DeMaria received his undergraduate degree in electrical engineering from UConn in 1956 and his Ph.D., also from UConn, in 1965. He has since earned Distinguished Engineering and Alumni Awards.

His laser research has united him with colleagues throughout the United States and around the world.

“I was among the first American laser scientists to visit China in 1982 and the Soviet Union in 1967,” he recalls. “In China, we traveled 5,000 miles by trains, planes, boats, and buses.”

He joined United Aircraft before it became United Technologies (UTC) and worked at Hamilton Standard (now Hamilton Sundstrand) and the United Technologies Research Center.

“The corporation saw commercial possibilities for the CO2 laser, which had been invented recently at Bell Labs,” he says.

“It showed promise in jet engine manufacturing for drilling precise holes for parts cooling and as a transmitter in laser radar applications.”

Over the years, DeMaria has led or participated in pioneering research to find other laser/photonics applications within UTC’s product line. For Sikorsky Aircraft, his group evaluated lasers as a tool for alerting helicopter pilots to a common threat – high tension and other wires that can be difficult to see.

Anthony DeMaria, professor-in-residence of electrical and computer engineering and chief scientist at the Bloomfield-based laser company Coherent-DEOS, is a member of the National Academy of Sciences.
Anthony DeMaria, professor-in-residence of electrical and computer engineering and chief scientist at the Bloomfield-based laser company Coherent-DEOS, is a member of the National Academy of Sciences.
Photo by Peter Morenus

But it was some of his basic research that led to his election to the national academies and formed the basis for his Ph.D. thesis at UConn.
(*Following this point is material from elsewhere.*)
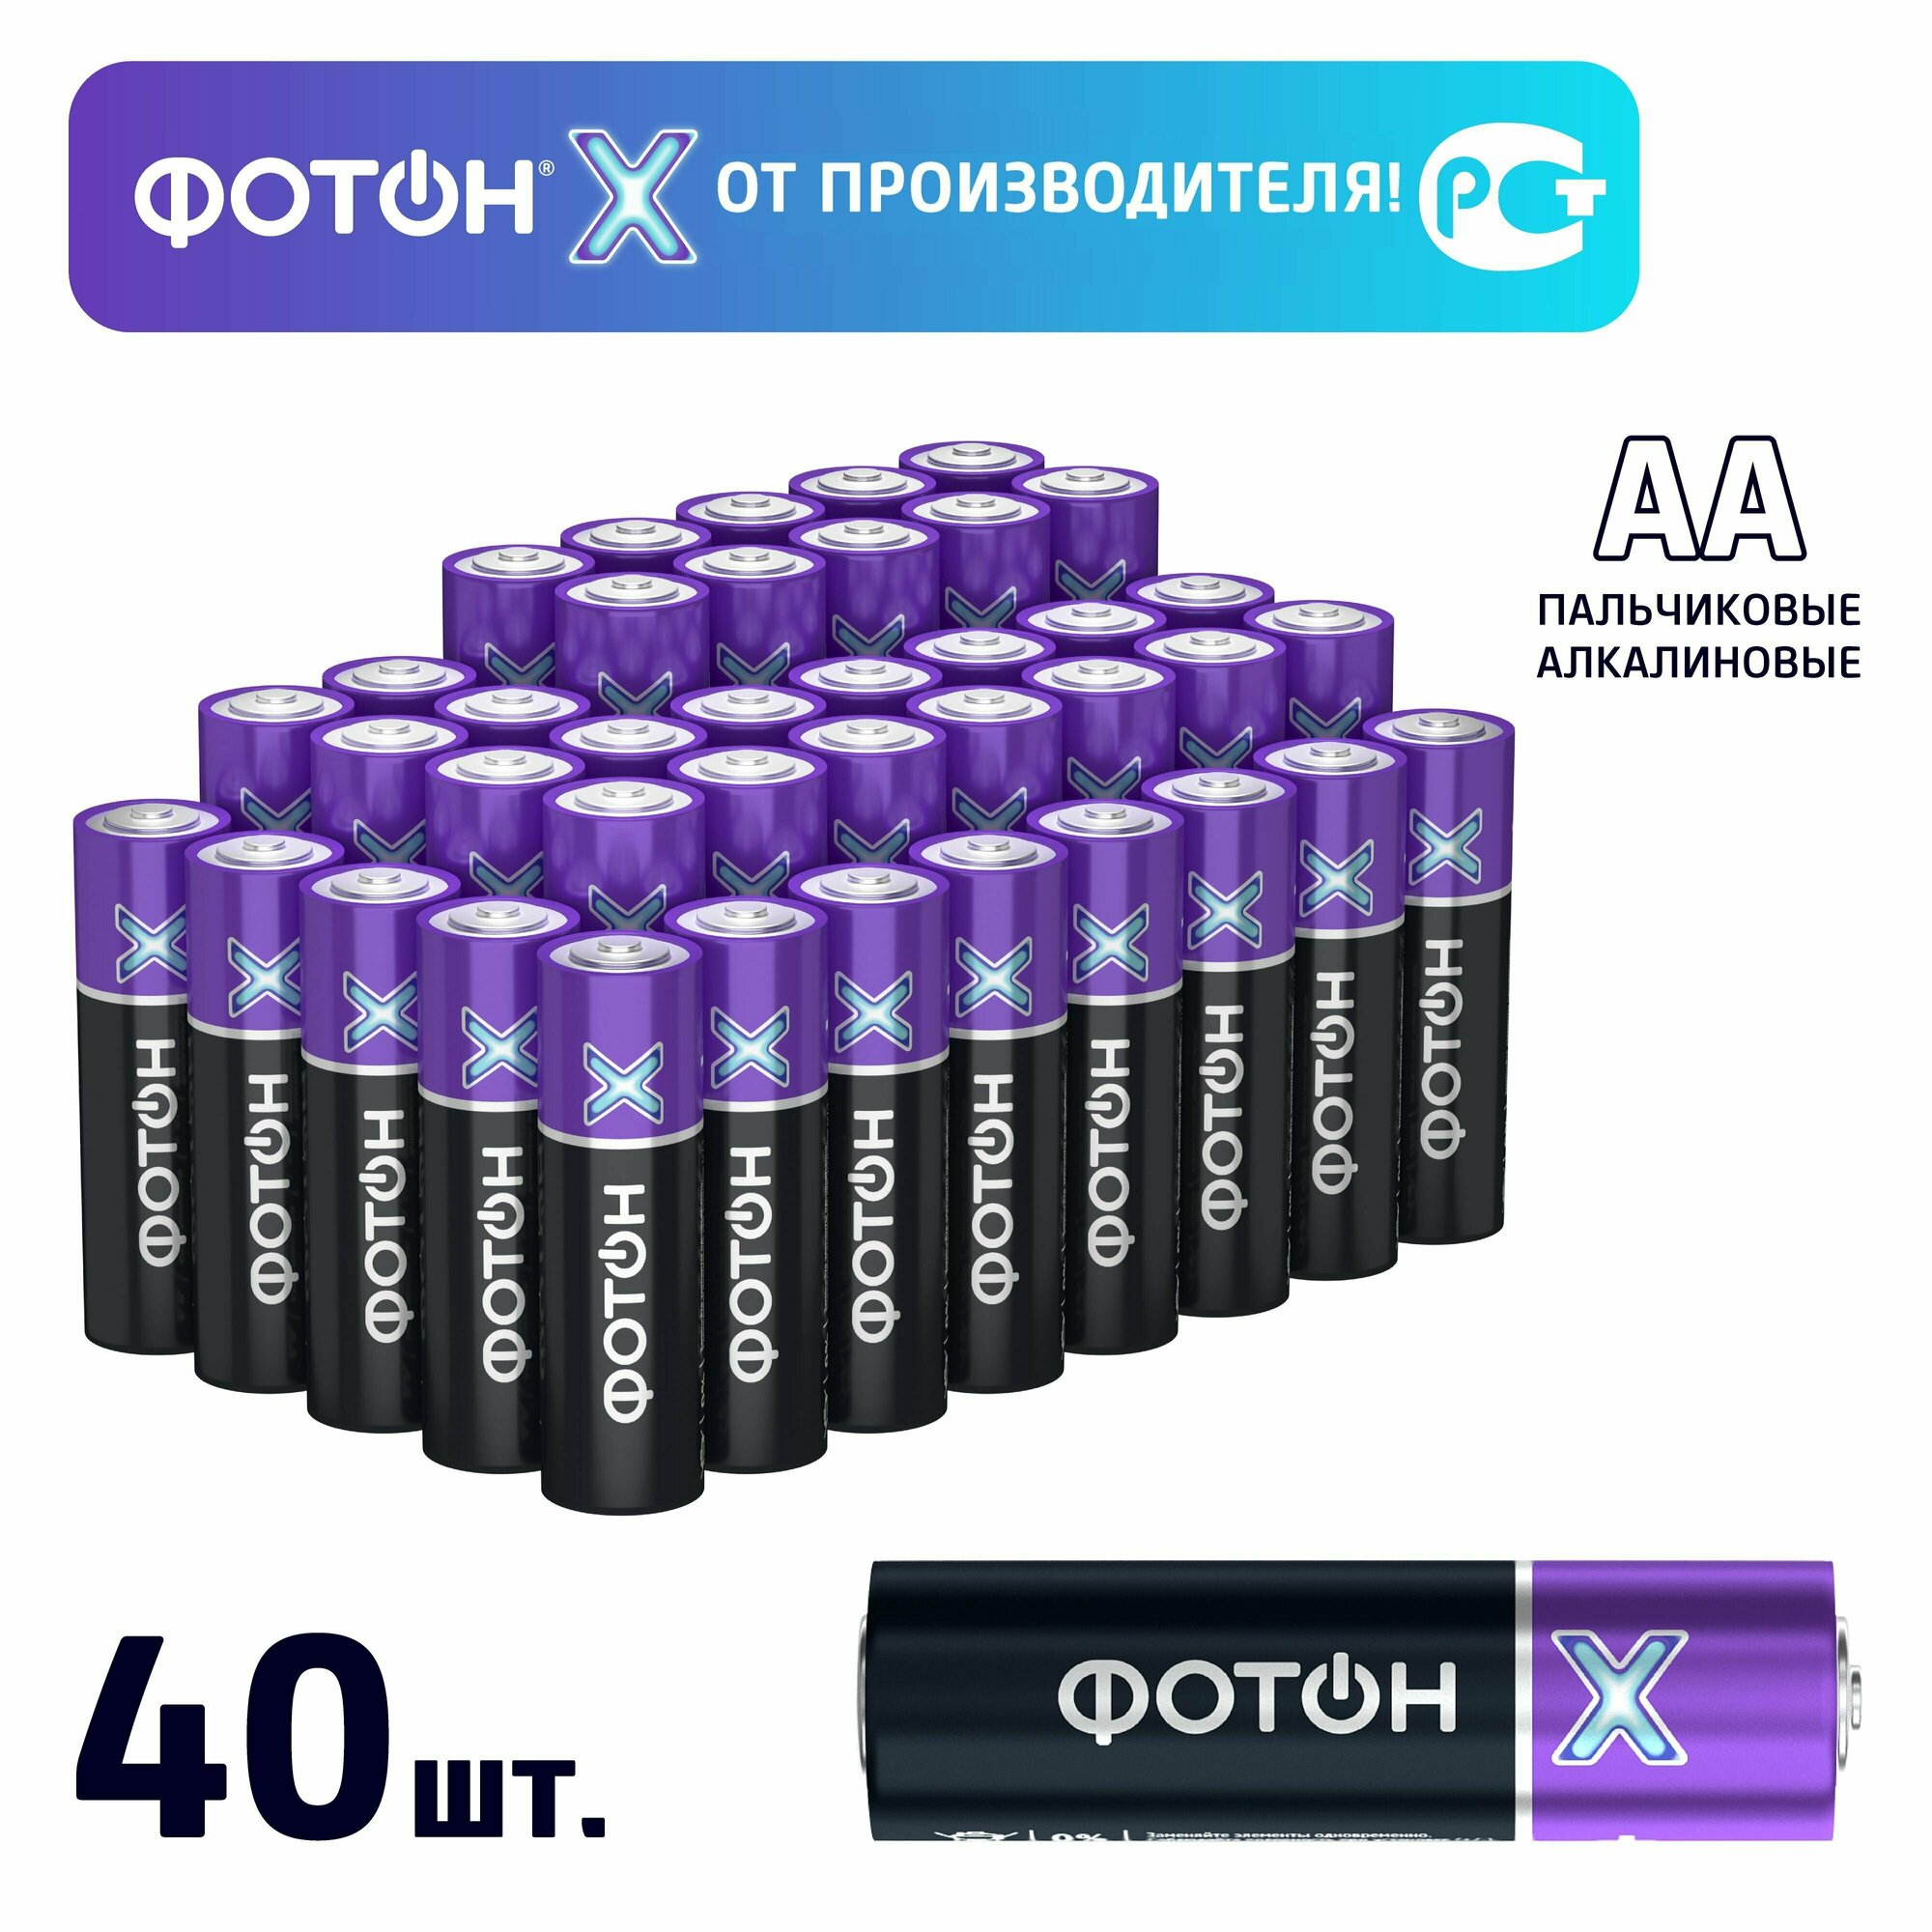 Упаковка батареек фотон - Х АА / LR6 (пальчиковые), 40 шт.

That work involved the generation of extremely short laser pulses lasting a picosecond or less. A picosecond is the time it takes light to travel the thickness of a sheet of paper. At the time, these pulses were the shortest events ever generated by mankind and gave scientists new insight into the behavior of atoms and molecules.

Laser devices are included within the field called “photonics,” which relates to the generation, amplification, detection, and propagation of “photons,” the smallest quantum of electro- magnetic energy.

Lasers and related technologies may be highly complex, but they are also common, popping up everywhere in daily life. DeMaria notes that lasers are present in DVD players, pointers used in presentations, devices that read a computer disk, and bar code checkout systems in stores. They are also used in medicine, most notably in vision correction surgery, and in fiber optics telecommunication transmission systems.

DeMaria left the United Technologies Research Center in 1994, after the corporation began focusing on core business that did not include lasers and photonics. He purchased the intellectual property of the CO2 laser unit at Hamilton and joined several colleagues to found DEOS – DeMaria Electro-Optics Systems Inc. The company took off, attracting the attention of Coherent, the world’s oldest and largest publicly traded laser company.

Today Coherent employs about 240 people and ships thousands of CO2 lasers around the world. These lasers are small enough to sit on a desktop and range in price from a few thousand dollars up to about $400,000. They are sold for peaceful purposes to customers around the world. One Coherent laser is monitoring the upper atmosphere for NASA as part of a global warming study.

DeMaria sold DEOS but stayed on as chief scientist, in keeping with his self-described addiction to lifelong learning. One day a week he comes to campus, to mentor students and faculty.

“For students interested in either a research or an academic career, I advise them to go into a field they are passionate about,” he says. “It would be great if the field they are interested in is an emerging one, so that almost anything they work on will uncover new knowledge and make new discoveries. The field of photonics is certainly one to consider.”